In general, for every method, the program provides two categories of application include three different functions each: add_for_matrix, remove_for_matrix and verify_for_matrix; add_for_list, remove_for_list and verify_for_list. add function is used for adding error-correction during encoding; remove function is used for removing error-correction code in data during decoding; verify function is used for verification of errors in current data using specified error-correction code, it will automatically correct the errors found and give reminders to users if the correction operation fails.

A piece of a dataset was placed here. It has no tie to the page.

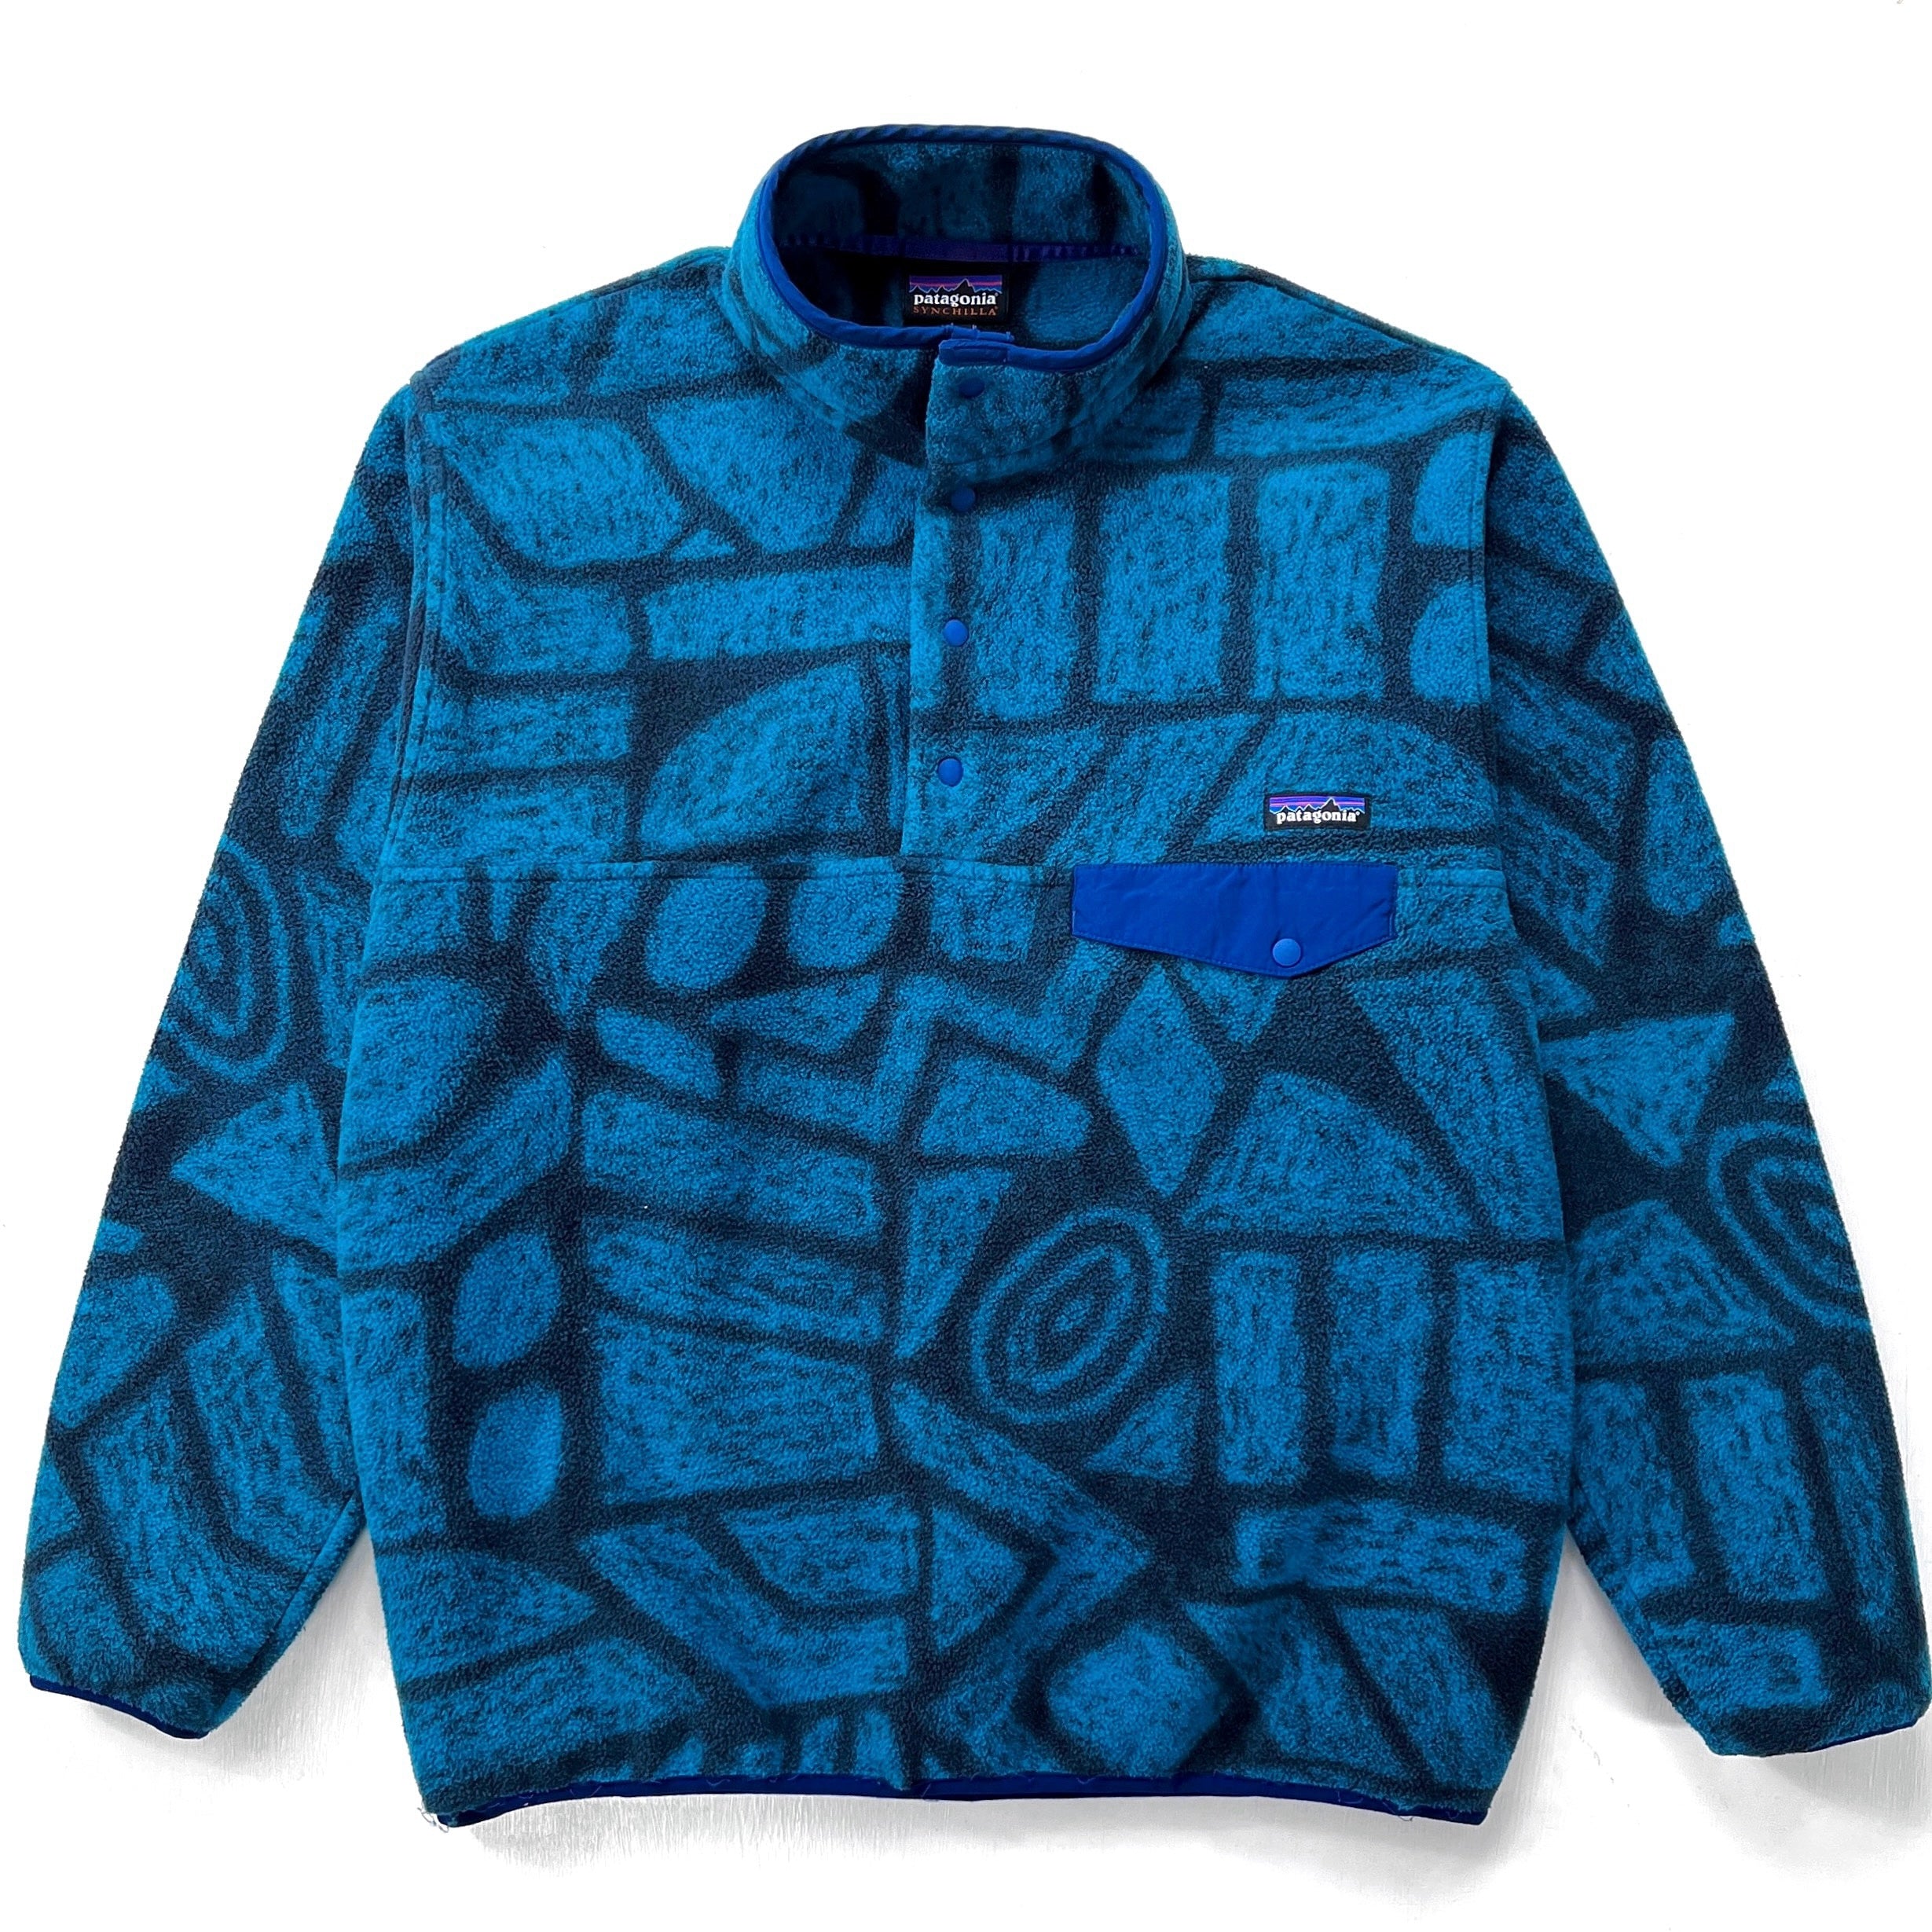 2015 Patagonia Printed Synchilla Snap-T, Shale: Navy Blue (L)

When users choose hamming code for error correction, it will generate output data carrying hamming error-correction code according to users’ input information automatically. An example would be:
code = hm.Hm()
v_matrix = code.add_for_matrix(o_matrix)
c_matrix = code.verify_for_matrix(v_matrix)
For Reed-Solomon Code, the library provides a hyper-parameter to indicate the length of error-correction code, the default value is 3. In real application, user can gain more powerful ability of error-correction (i.e. to correct more errors in one segments) by increasing check_size, the value of check_size equals to the number of errors the function can correct. An example of using Reed-Solomon Code would be:
code = rs.RS(check_size=10)
v_matrix = code.add_for_matrix(o_matrix)
c_matrix = code.verify_for_matrix(v_matrix)
If you set Reed-Solomon Code in your encoding process with out saving model, you need to remember additional length mentioned in the prompt. This value (v) needs to be inputted in RS(additional_size=v) in the decoding process.